Common Visitation Arrangements for Children

Divorce can be scary for children because of the uncertainty that it brings. As a child watches their parents yell at one another and fight over assets, they often have no way of knowing what comes next. It is obvious that the parents will no longer be living together, but what will happen to the child, themselves? How will the child’s life continue now that their family ceases to exist? These are difficult questions for a child of any age to be confronted with and parents should therefore do everything in their power to provide their kids with a sense of stability following the divorce. Parents can accomplish this by creating and maintaining a routine visitation schedule. A visitation schedule that is followed consistently will take the mystery and fear out of a divorce, giving children more confidence as they move forward.

Depending on what the court orders, parents may create a visitation schedule based upon joint custody or sole custody. Joint custody means that a child lives with both parents. Examples of joint custody schedules include: living with one parent every other week, spending half of the week with one parent and a half with the other, and living with one parent during the school year and the other during academic vacations.

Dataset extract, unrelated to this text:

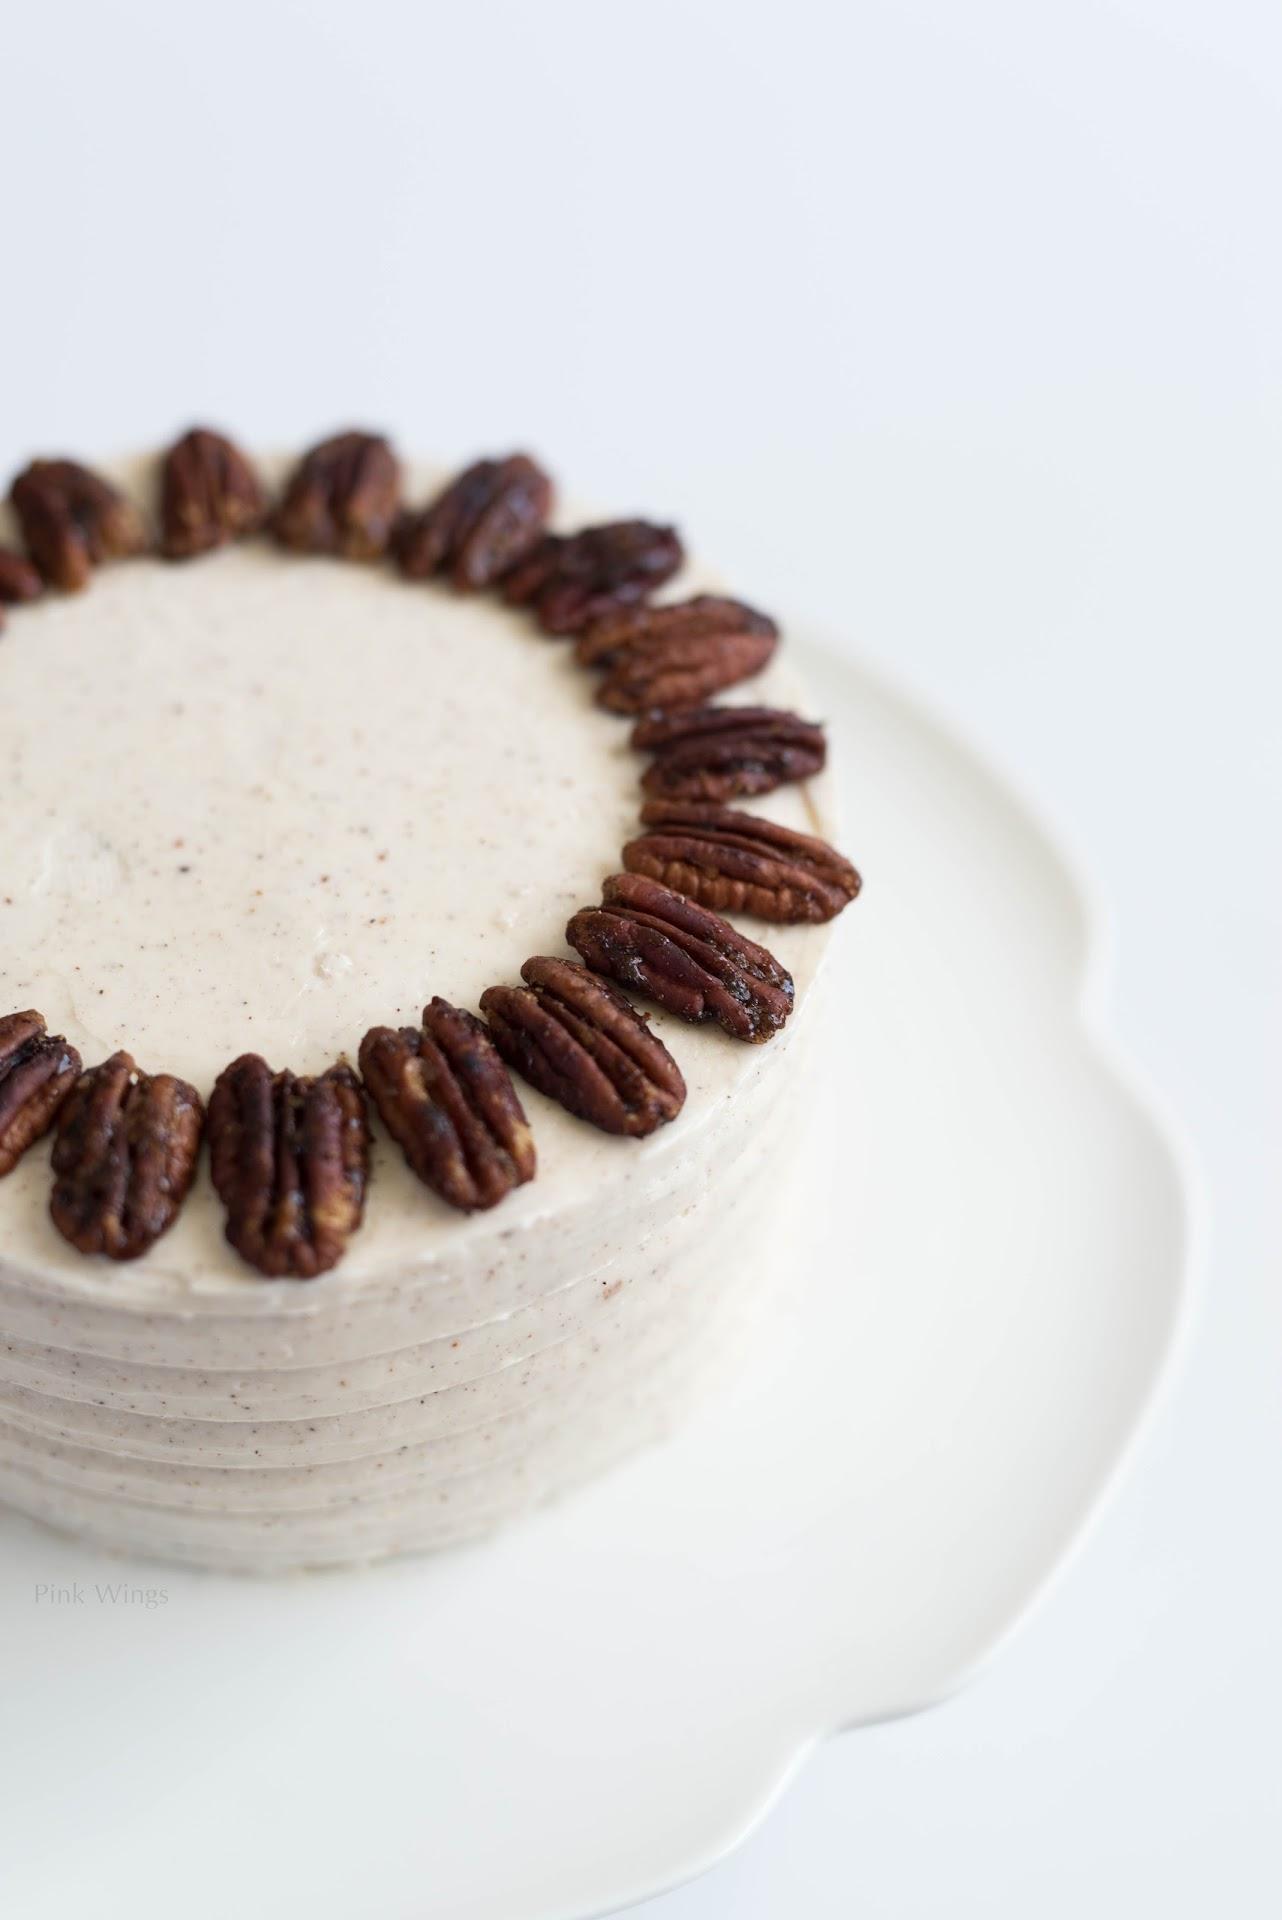 six inch cake, small mini cake, pear dessert, fall autumn, cinnamon nutmeg icing

In contrast to joint custody, sole custody arrangements mean that the child lives with one parent and then occasionally visits the other parent. The parent with whom the child lives primarily carried several different labels: primary parent, primary physical custodian, primary residential parent, and the like. The other parent is sometimes referred to as the visiting parent, the secondary custodial parent, the non-residential parent, etc. Examples of sole custody schedules include spending each week with the residential parent and visiting the non-residential parent on weekends and seeing the non-residential parent every other weekend. There is a myriad of scheduling possibilities. Whatever schedule parents decide to follow, they should strive for consistency and show their children that life can go on in a predictable way even after a divorce.